All this is disgusting, tedious and unpleasant. But there are no other alternatives. No one will ever give you time after migration to adapt the new functionality. Not to mention the fact that a month later, the accumulated stack of changes will go out of control and you will not find it later. The output will be unstable and have lost some of the functionality of the product. Bosses tend to be offended by this.

If you are suddenly lucky and business representatives have agreed to suspend commercial development during the migration, rejoice. But the probability of this is extremely small.

The testing process, like everything else, does not have any secrets and silver bullets. We need a competent tester who will process everything processed to thoroughly check whether the behavior of the new logic matches the old one. Automated testing is a secondary aspect. Personally, I highly advise you not to waste time on writing “autotests”, it is better to spend this time on thorough manual testing. If you already have a developed infrastructure and tests are written, be sure to use them. Otherwise, do not bother.

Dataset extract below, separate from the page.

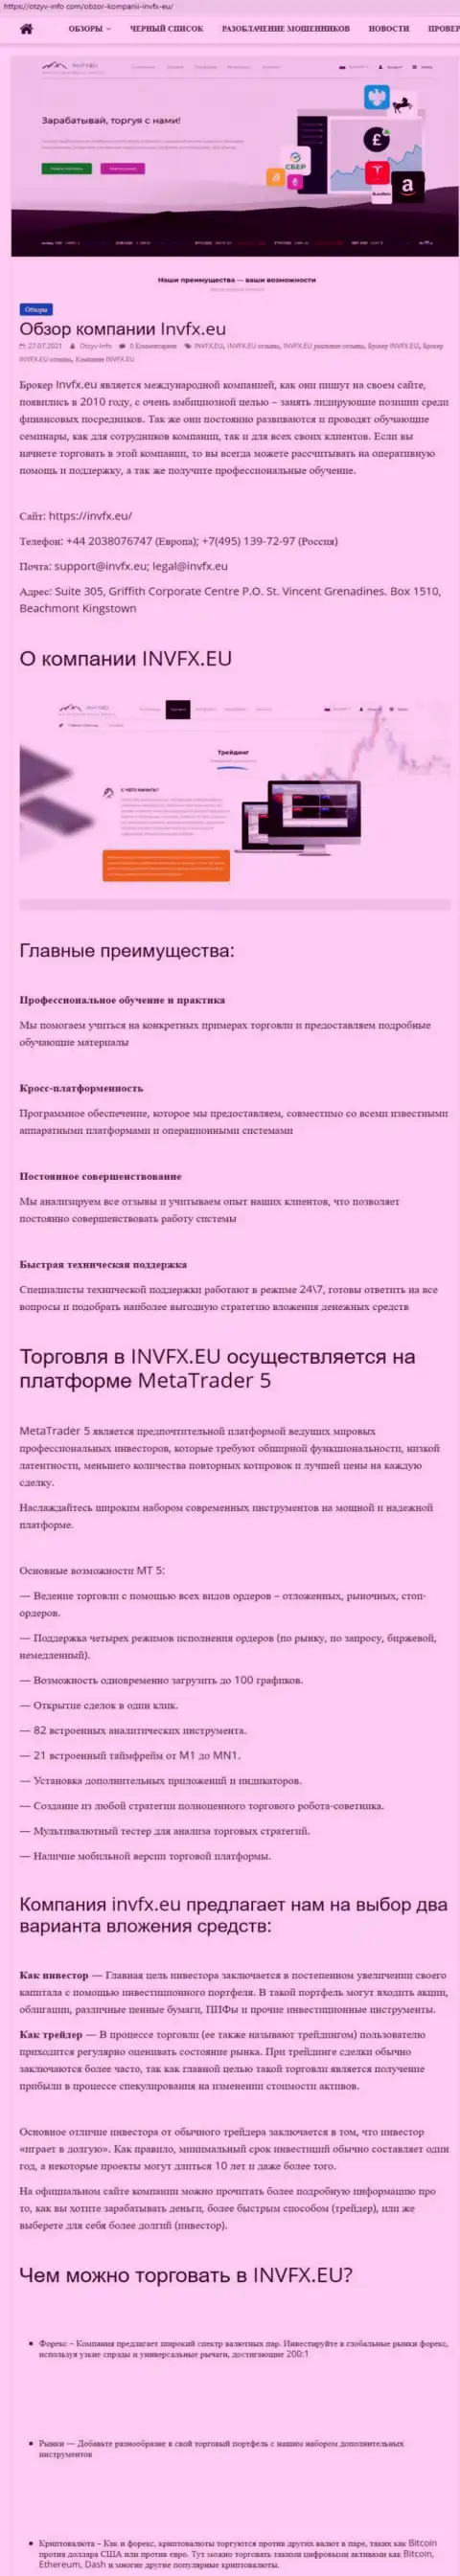 Web-сервис otzyv info com разместил статью о форекс-дилинговом центре INVFX

Test a lot and often, make several approaches to the previously tested. New and new flaws will emerge. Do not regret time and effort. The fewer problems then emerge in “production”, the more successful will be the result of the work, which will lead to categorical approval from the management and will contribute to the education of labor discipline in your team.

About training


As noted above, it is extremely important to set the right motion vector to a brighter future for your programmers. Well-formed rules of development will provide a systematic approach to work on the task and will make a very important contribution to the professional growth of the entire technical department.

Of course, the development rules and other “guidelines” are not enough. To colleagues appreciated your efforts, the team must be trained. My many years of practice have shown that programmer training is a purely individual process, regardless of what task a person is engaged in, whether it be migration or a standard daily development routine. Do you want to get a competent specialist? Allow me to spend time.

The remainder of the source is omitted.